Agthia expands MENA presence with strategic investments amid shifting markets
The UAE-headquartered food and beverage giant Agthia Group is advancing its regional growth strategy with recent investments in Saudi Arabia and Egypt, while navigating economic shifts and evolving consumer demand, Chief Growth Officer Rafik Lawendy told Zawya Projects.
In July 2024, the ADX-listed company inaugurated a 90 million UAE dirhams ($24.5 million) protein facility in Saudi Arabia.
“This investment reinforces Agthia’s footprint in the GCC’s largest market, supporting the company’s commitment to localising production at competitive economics,” said Lawendy.
In Egypt, Agthia expanded its processing capabilities with a new IQF strawberry line, which became operational in early 2024.
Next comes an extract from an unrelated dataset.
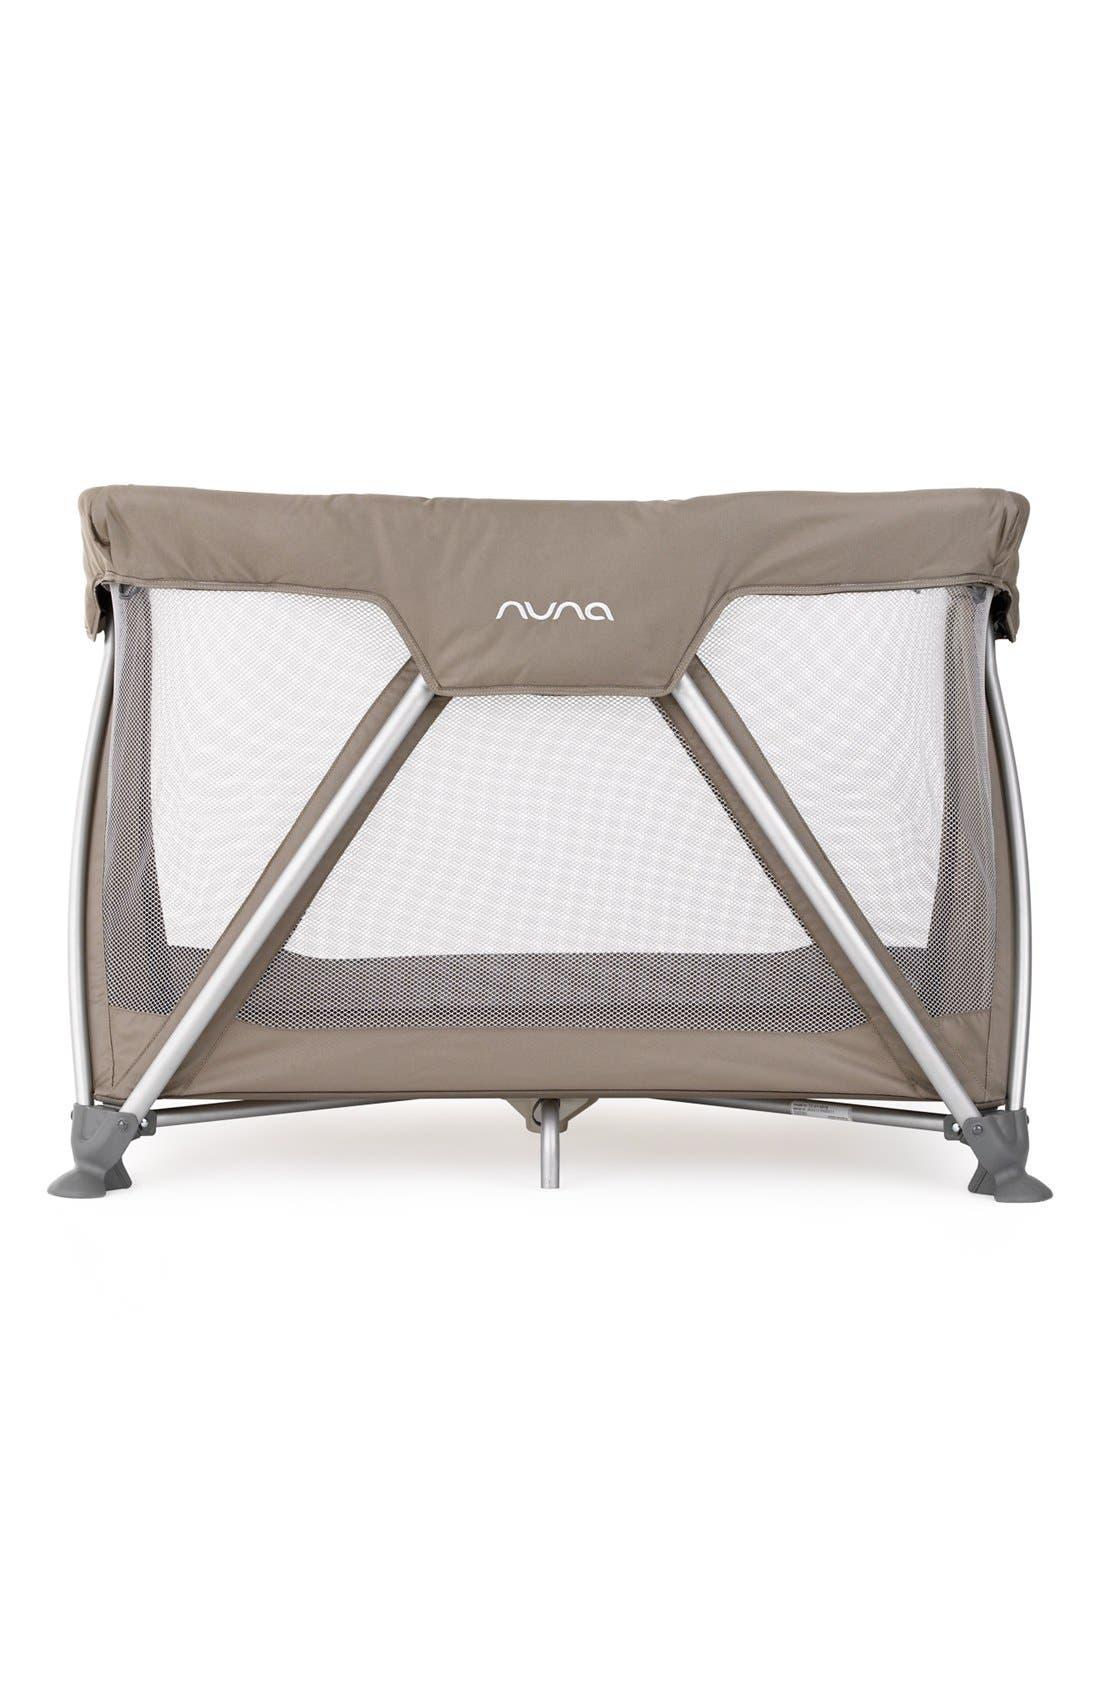 Main Image - nuna 'SENA™' Travel Crib (Online Only)

“This facility plays a central role in our export-driven strategy, helping offset the impact of currency fluctuations by increasing sales to regional and global markets,” the Agthia executive said.
Last week, the Group announced the consolidation of an additional 10 percent stake in Abu Auf, a leading Egyptian healthy snacks and coffee brand, increasing its ownership to 80 percent.
“Egypt remains a strategic market due to its high demand for protein, coffee, and snacks, and its role as a cost-efficient manufacturing hub for exports," Lawendy said.